Rust: Tracking issue for Cell::update

Created on 23 Apr 2018  路  37Comments  路  Source: rust-lang/rust

This issue tracks the cell_update feature.

The feature adds Cell::update, which allows one to more easily modify the inner value.
For example, instead of c.set(c.get() + 1) now you can just do c.update(|x| x + 1):

let c = Cell::new(5);
let new = c.update(|x| x + 1);

assert_eq!(new, 6);
assert_eq!(c.get(), 6);
B-unstable C-tracking-issue Libs-Small Libs-Tracked T-libs

Most helpful comment

@oli-obk

I like the second option (taking a &mut T in the closure). There's an interesting variation on this option - instead of requiring T: Copy we could require T: Default to support updates like this one:

let c = Cell::new(Vec::new());
c.update(|v| v.push("foo"));

Perhaps we could have two methods with different names that clearly reflect how they internally work?

fn get_update<F>(&self, f: F) where T: Copy, F: FnMut(&mut T);
fn take_update<F>(&self, f: F) where T: Default, F: FnMut(&mut T);

All 37 comments

Not a blocking issue for merging this as an unstable feature, so I'm registering my concern here:

The update function returning its new value feels very ++i-ish. Similar to += returning the result of the operation (which rust luckily does not!). I don't think we should be doing this. Options I see:

  • return () (that was the suggestion in the PR)
  • make the closure argument a &mut T, and allow the closure to return any value.

    • if users want the "return new/old value" behaviour, they can now encode it themselves via |x| {*x += 1; *y }

Maybe there are other options?

Data point: the volatile crate's update method returns () (https://github.com/embed-rs/volatile/blob/master/src/lib.rs#L134)

@oli-obk

I like the second option (taking a &mut T in the closure). There's an interesting variation on this option - instead of requiring T: Copy we could require T: Default to support updates like this one:

let c = Cell::new(Vec::new());
c.update(|v| v.push("foo"));

Perhaps we could have two methods with different names that clearly reflect how they internally work?

fn get_update<F>(&self, f: F) where T: Copy, F: FnMut(&mut T);
fn take_update<F>(&self, f: F) where T: Default, F: FnMut(&mut T);

What do you think, @SimonSapin? Would two such methods, get_update and take_update, be a more appropriate interface?

The T: Default flavor feels kinda awkward but I don鈥檛 know how to put that in more concrete terms, sorry :/

It looks like there is a number of slightly different possible APIs for this. I don鈥檛 have a strong opinion on which is (or are) preferable.

Taking &mut in this method would be awesome, I would love to use it.

Unfortunately it seems that it would have to be unsafe, because AFAIK there is no way in Rust to restrict usage like this:

let c = Cell::new(vec![123]);
c.update(|vec| {
    let x = &mut vec[0];            // x references 123
    c.update(|vec| vec.clear());    // x references uninitialised memory
    *x = 456;                       // BOOM! undefined behavior
})

I hope, I'm wrong.

@CodeSandwich it is a fundamental restriction of Cell<T> that a reference &T or &mut T (or anything else inside of T) must not be given to the value inside the cell. It鈥檚 what makes it sound. (This is the difference with RefCell.)
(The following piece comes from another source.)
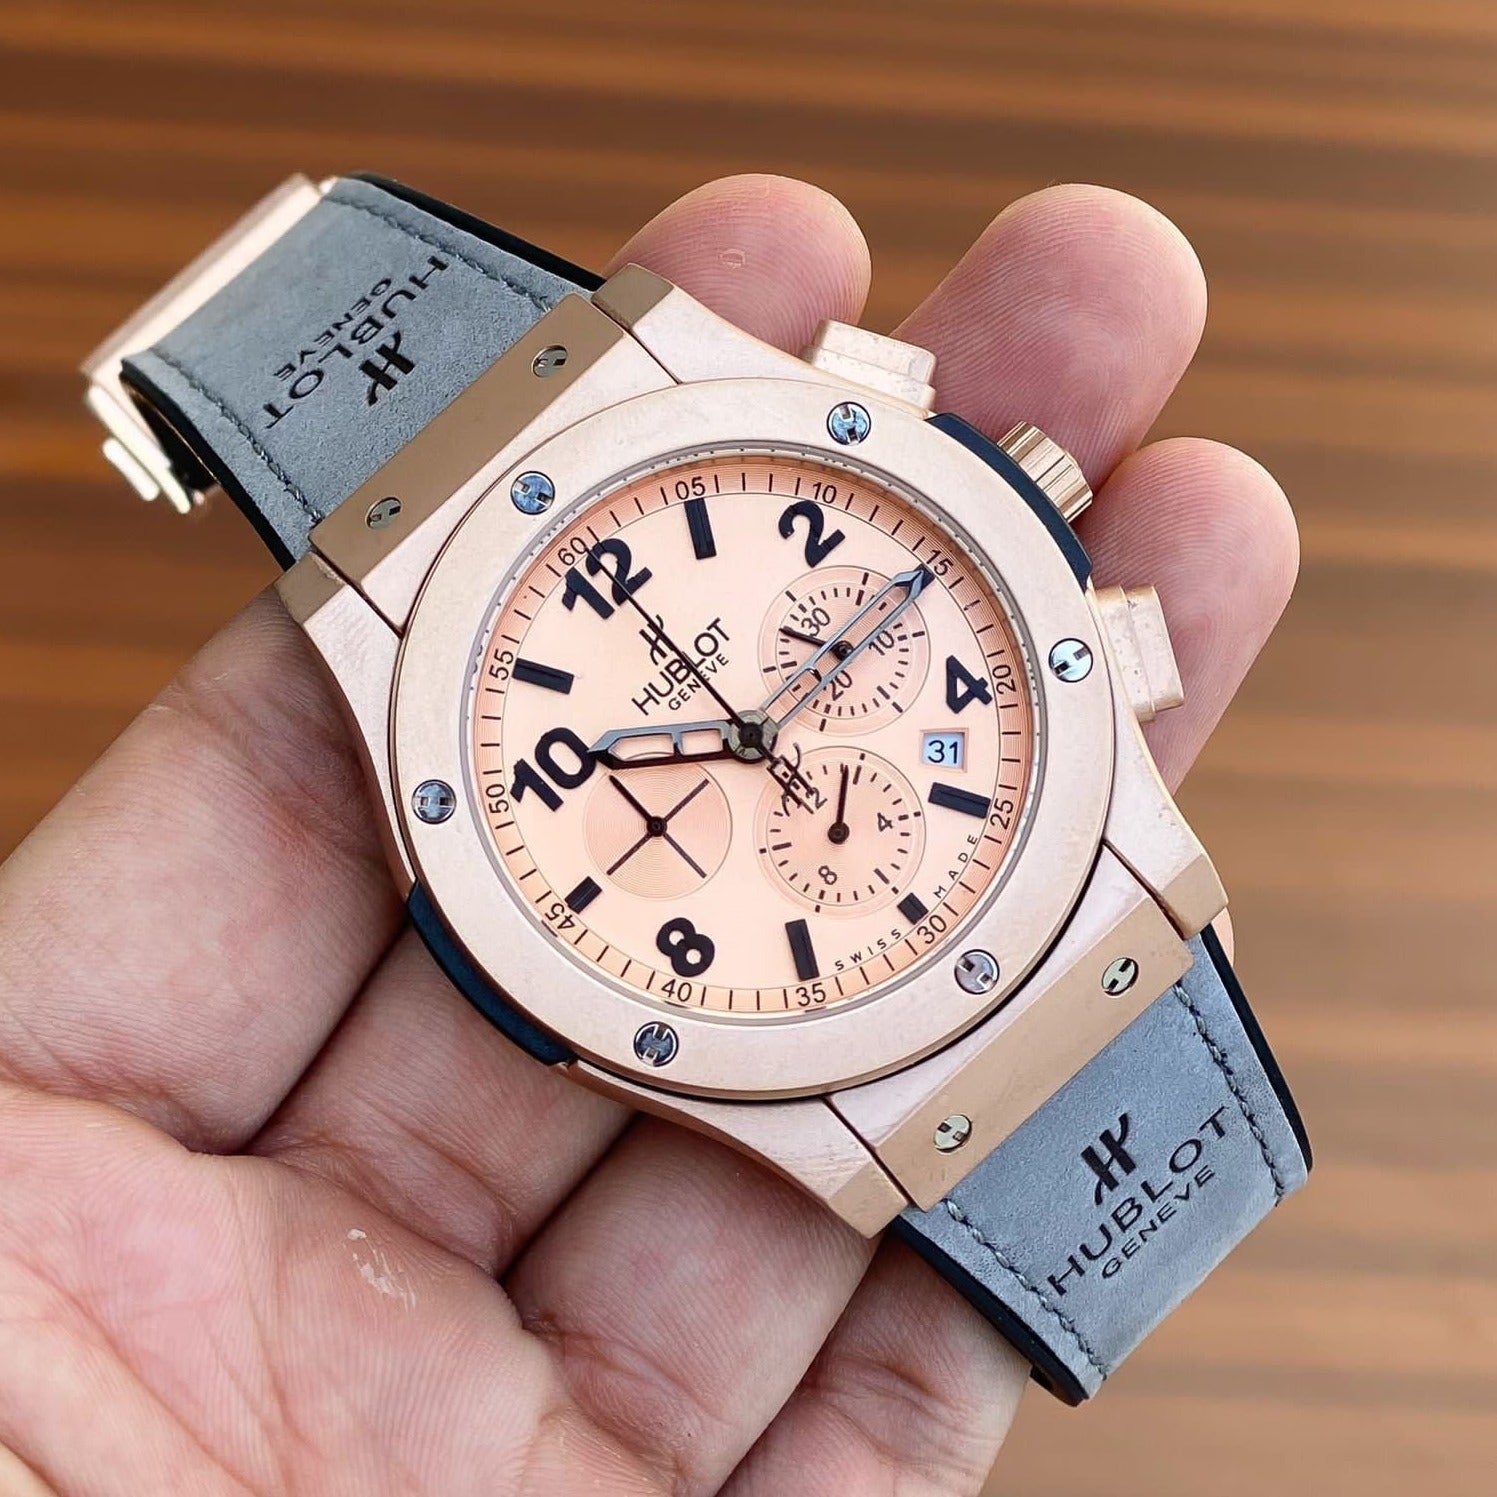 Amazing Big bang Premium Model watch - AmazingBaba

We could make an API that takes a closure that takes &mut T, but that reference would not be to the inside of the cell. It would be to value that has been copied (with T: Copy) or moved (and temporarily replaced with some other value, with T: Default) onto the stack and will be copied/moved back when the closure returns. So code like your example would be arguably buggy but still sound: the inner update() would operate on a temporary value that would be overwritten at the end of the outer one.

I think, that a modifier method might be safe if we just forbid usage of reference to Cell's self inside. Rust does not have mechanism for forbidding usage of a SPECIFIC reference, but it does have mechanism for forbidding usage of ALL references: 'static closures.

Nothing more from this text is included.